TikTok’s $300 billion-valued guardian firm, ByteDance, is likely one of the world’s busiest AI builders. It plans to spend billions of {dollars} on AI chips this yr, whereas its tech provides Sam Altman’s OpenAI a run for its cash.
ByteDance’s Duobao AI chatbot is at present the preferred AI assistant in China, with 78.6 million month-to-month lively customers as of January.
This makes it the world’s second most-used AI app behind OpenAI’s ChatGPT (with 349.4 million MAUs). The just lately launched Doubao-1.5-pro is claimed to match the efficiency of OpenAI’s GPT-4o at a fraction of the fee.
As Counterpoint Analysis notes on this breakdown of Duobao’s positioning and performance, “very like its worldwide rival ChatGPT, the cornerstone of Doubao’s attraction is its multimodality, providing superior textual content, picture, and audio processing capabilities”.
It will probably additionally generate music.
In September, ByteDance added an AI music technology operate to the Duobao app, which apparently “helps greater than ten forms of music kinds and permits you to write lyrics and compose music with one click on”.
This, although, isn’t the tip of ByteDance’s fascination with constructing music AI applied sciences.
On September 18, ByteDance’s Duobao Staff introduced the huge launch of a collection of AI music fashions dubbed Seed-Music.
Seed-Music, they claimed, would “empower individuals to discover extra potentialities in music creation”.
Established in 2023, the ByteDance Doubao (Seed) Staff is “devoted to constructing industry-leading AI basis fashions”.
In response to the official launch announcement for Seed-Music in September, the AI music product “helps score-to-song conversion, controllable technology, music and lyrics modifying, and low-threshold voice cloning”.
It additionally claims that “it cleverly combines the strengths of language fashions and diffusion fashions and integrates them into the music composition workflow, making it appropriate for various music creation eventualities for each newbies and professionals”.
The official Seed-Music web site incorporates quite a lot of audio clips that display what it could actually do.
You may hear a few of that, under:
Extra necessary, although, is how Seed-Music was constructed.
Fortunately, the Duobao Staff has printed a tech report that explains the inside workings of their Seed-Music mission.
MBW has learn it cowl to cowl.
Within the introduction to ByteDance’s analysis paper, which you’ll learn in full right here, the corporate’s researchers state that, “music is deeply embedded in human tradition” and that “all through human historical past, vocal music has accompanied key moments in life and society: from love calls to seasonal harvests”.
“Our aim is to leverage fashionable generative modeling applied sciences, to not substitute human creativity, however to decrease the limitations to music creation.”
ByeDance analysis paper for Seed-Music
The intro continues: “Right this moment, vocal music stays central to world tradition.
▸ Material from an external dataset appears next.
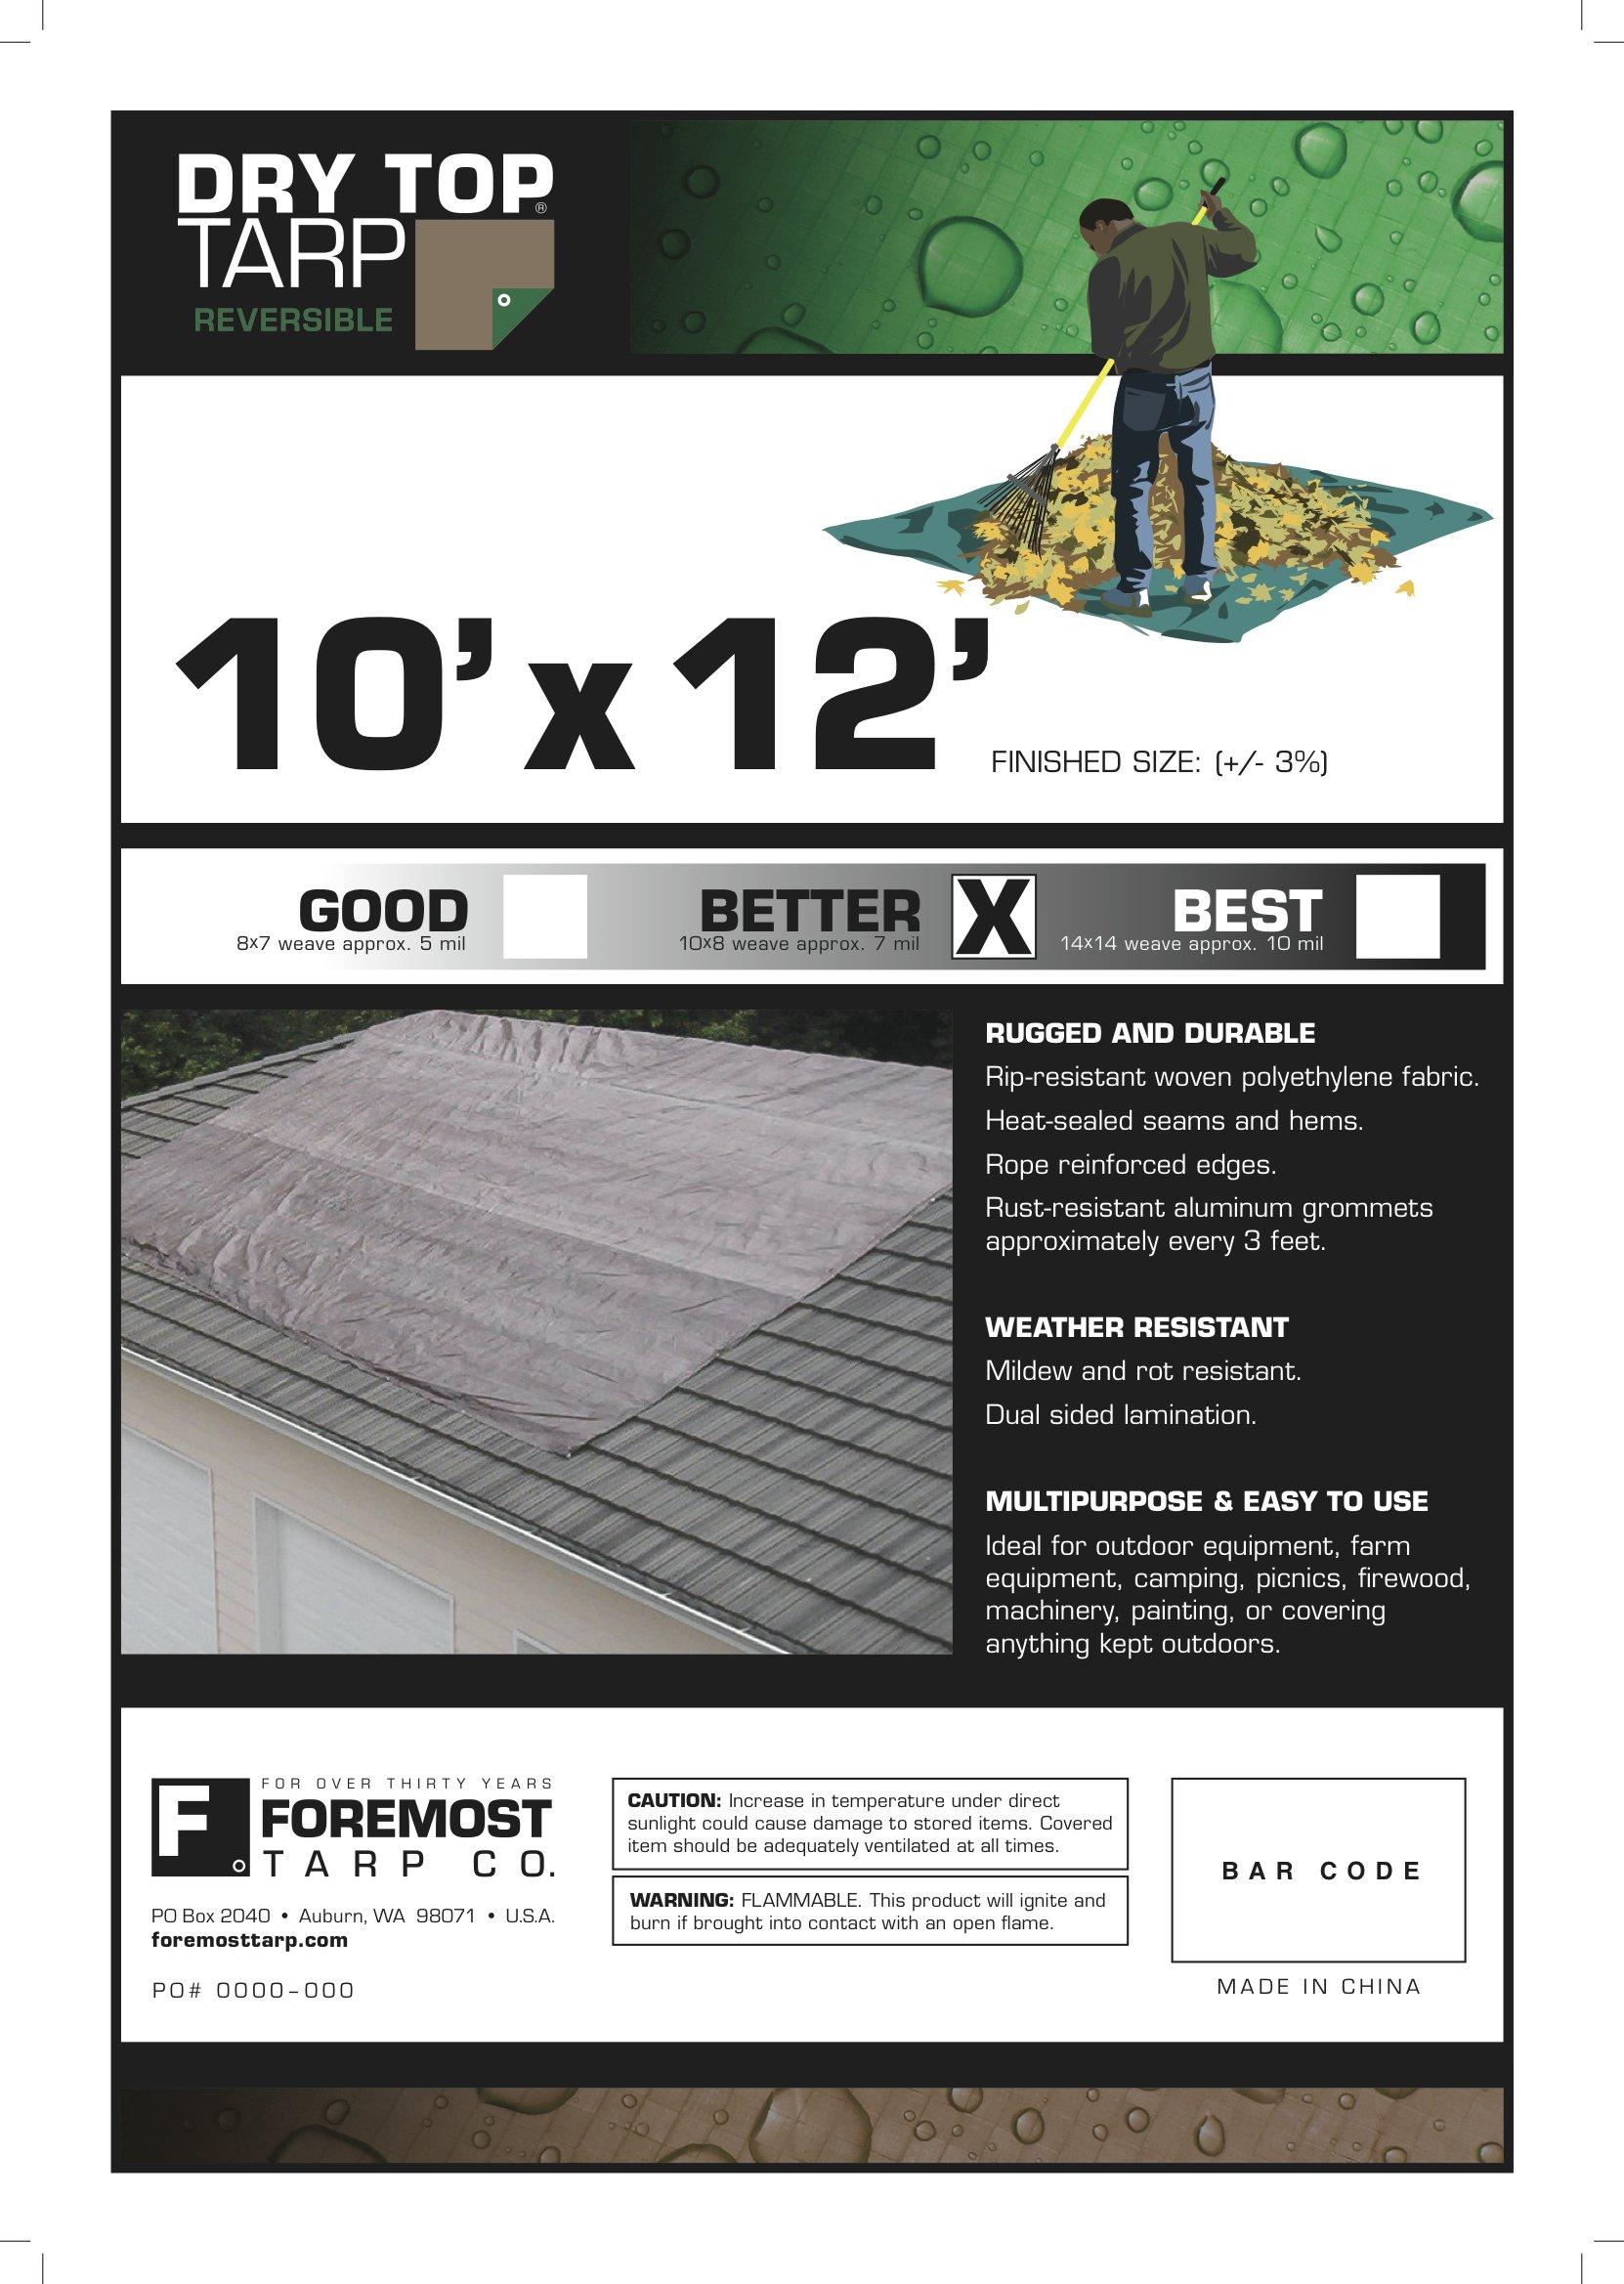 10x12 Multi-Purpose Brown/Green Medium Duty DRY TOP Poly Tarp (10'x12') by DRY TOP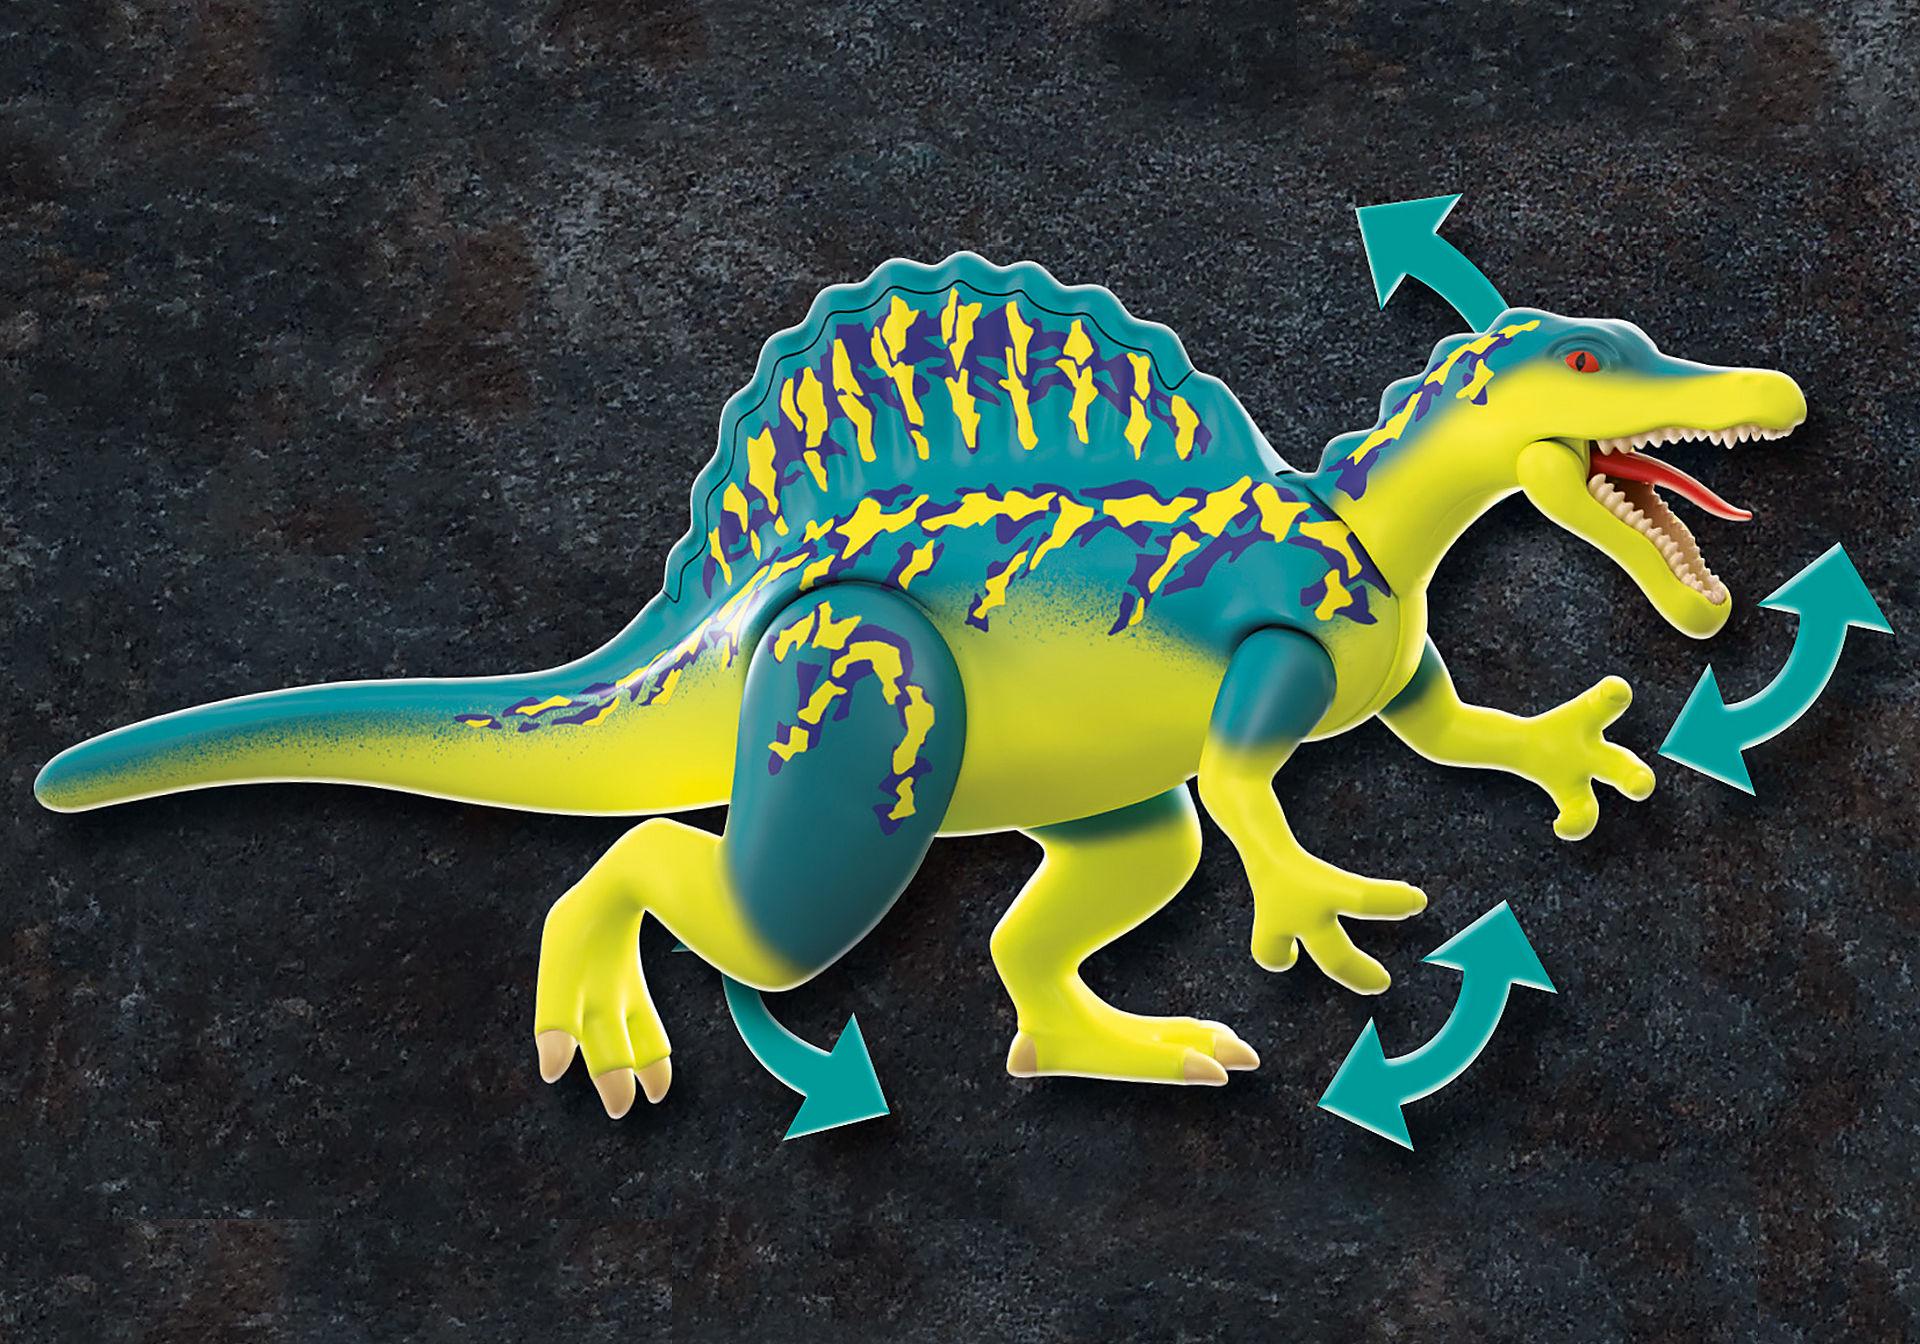 70625 Spinosaurus: Dobbelt forsvarsstyrke zoom image4

Nonetheless, creating vocal music is a fancy, multi-stage course of involving pre-production, writing, recording, modifying, mixing, and mastering, making it difficult for most individuals.”
“Our aim is to leverage fashionable generative modeling applied sciences, to not substitute human creativity, however to decrease the limitations to music creation. By providing interactive creation and modifying instruments, we purpose to empower each novices and professionals to have interaction at totally different levels of the music manufacturing course of.”
How Seed-Music works
ByteDance’s researchers clarify that the “unified framework” behind Seed-Music “is constructed upon three elementary representations: audio tokens, symbolic tokens, and vocoder latents”, which every correspond to “a technology pipeline.”
The audio token-based pipeline, as illustrated within the chart under, works like this: “(1) Enter embedders convert multi-modal controlling inputs, reminiscent of music type description, lyrics, reference audio, or music scores, right into a prefix embedding sequence. (2) The auto-regressive LM generates a sequence of audio tokens. (3) The diffusion transformer mannequin generates steady vocoder latents. (4) The acoustic vocoder produces high-quality 44.1kHz stereo audio.”
In distinction to the audio token-based pipeline, the symbolic token-based Generator, which you’ll see within the chart under, is “designed to foretell symbolic tokens for higher interpretability”, which the researchers state is “essential for addressing musicians’ workflows in Seed-Music”.
In response to the analysis paper, “Symbolic representations, reminiscent of MIDI, ABC notation and MusicXML, are discrete and might be simply tokenized right into a format suitable with LMs”.
ByteDance’s researchers add within the paper: “In contrast to audio tokens, symbolic representations are interpretable, permitting creators to learn and modify them straight. Nonetheless, their lack of acoustic particulars means the system has to rely closely on the Renderer’s capacity to generate nuanced acoustic traits for musical efficiency. Coaching such a Renderer requires large-scale datasets of paired audio and symbolic transcriptions, that are particularly scarce for vocal music.”
The apparent query…
By now, you’re most likely asking the place The Beatles and Michael Jackson’s music come into all of this.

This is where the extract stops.